Fue uno de los momentos más brutales de la representación. Supongo que la genovesa sintió mi sobresalto y mi descarga de aire cuando todo se volvió negro, dejé de ver a la actriz y sus gritos de horror resonaron en toda la platea. Tuve que repetirme un par de veces: “A ver Sue, que esto no es real”. Fue entonces cuando acepté el caramelo y al ver que ella también lloraba le ofrecí un klínex. Mientras lo desplegaba para limpiarse los ojos me dijo en voz muy baja “gracias, luego te cuento” y yo, aún abducida por la intensidad de la escena, solo tuve fuerzas para asentir, sin saber a qué “luego” se refería ni qué tenía que contarme. A mí.
Cuando bajó el telón, tras los aplausos y los vítores a los actores, el director y el autor del texto, se volvió hacia mí y me dijo “has sido una compañera de butaca estupenda”.
-Gracias, pero no hay por qué. Solo he estado muy calladita.
-Sí, pero además has llorado.
-Bueno, es que no me gustan las violaciones y nunca había visto una así, tan de cerca. Sobrecoge.

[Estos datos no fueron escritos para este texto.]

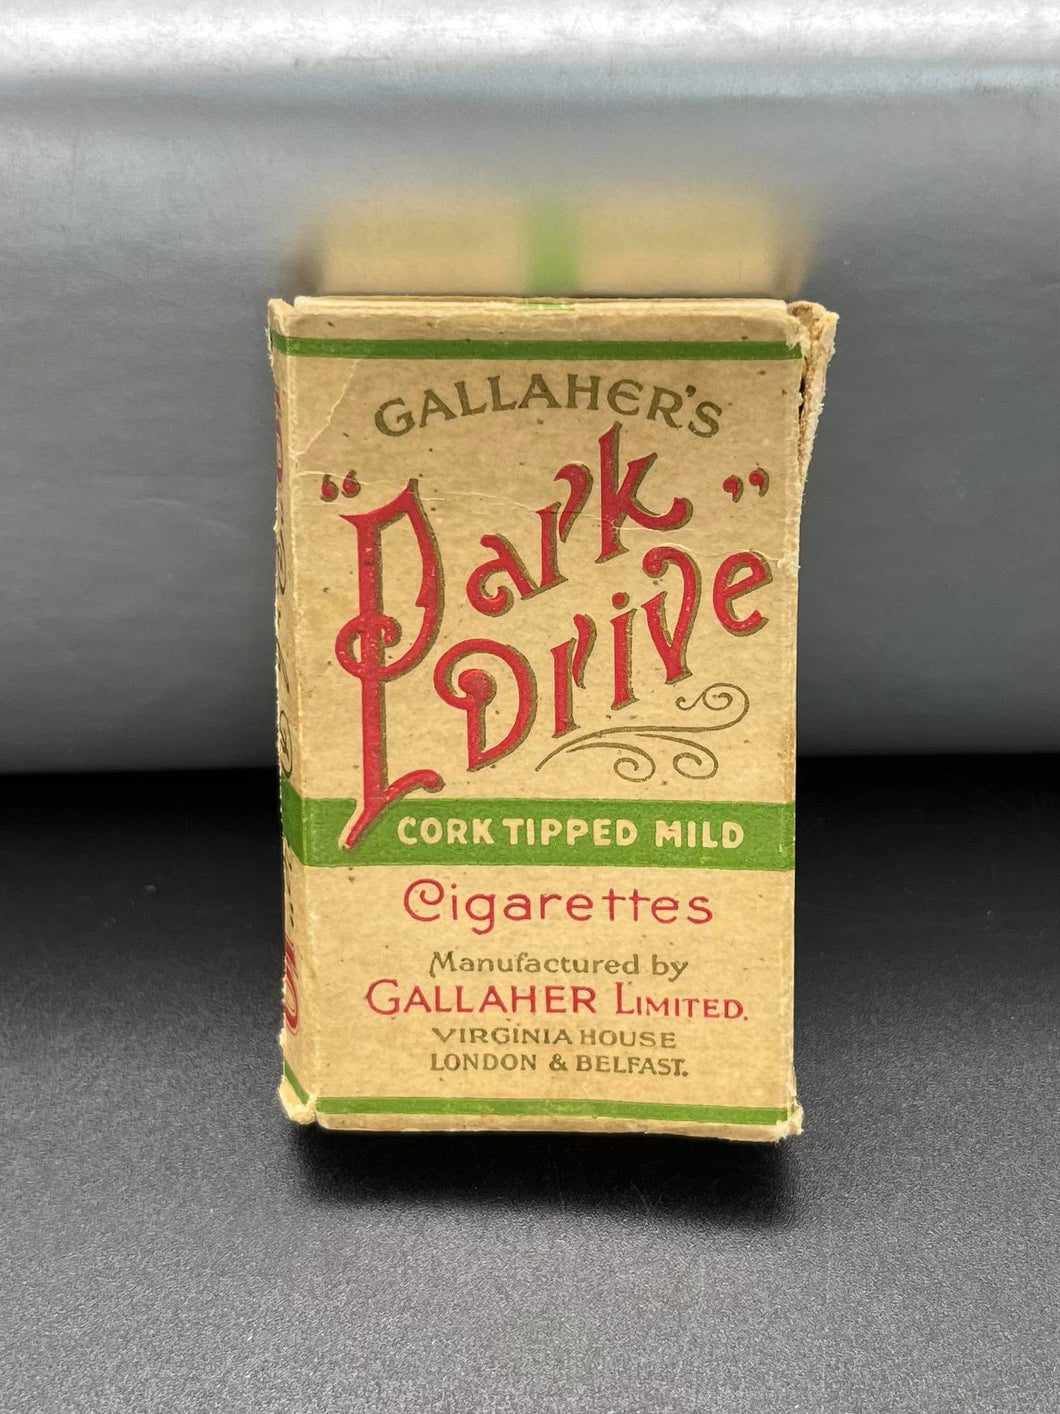 Gallaher’s “Park Drive” Mild Cigarette Packet

-Oh, sí, una obra con muchas aristas, ha sido como pasear por un callejón.
-O leer un periódico.
Mientras caminábamos perezosamente hacia la salida, sorteando a los rezagados que comentaban la obra e intercambiaban saludos, me contó que no era de Madrid y que estaba de vacaciones en la ciudad por unas semanas. Cuando le pregunté por su procedencia (su acento foráneo me sedujo) y me dijo que era genovesa le solté que Génova me recordaba a un pueblo de Alicante.
-¿Conoces Génova?
-Solo por la a película de Winterbottom.
-Ah, una visión muy particular. Opresiva diría yo. Esa no es mi Génova, pero supongo que hay tantas visiones como personas.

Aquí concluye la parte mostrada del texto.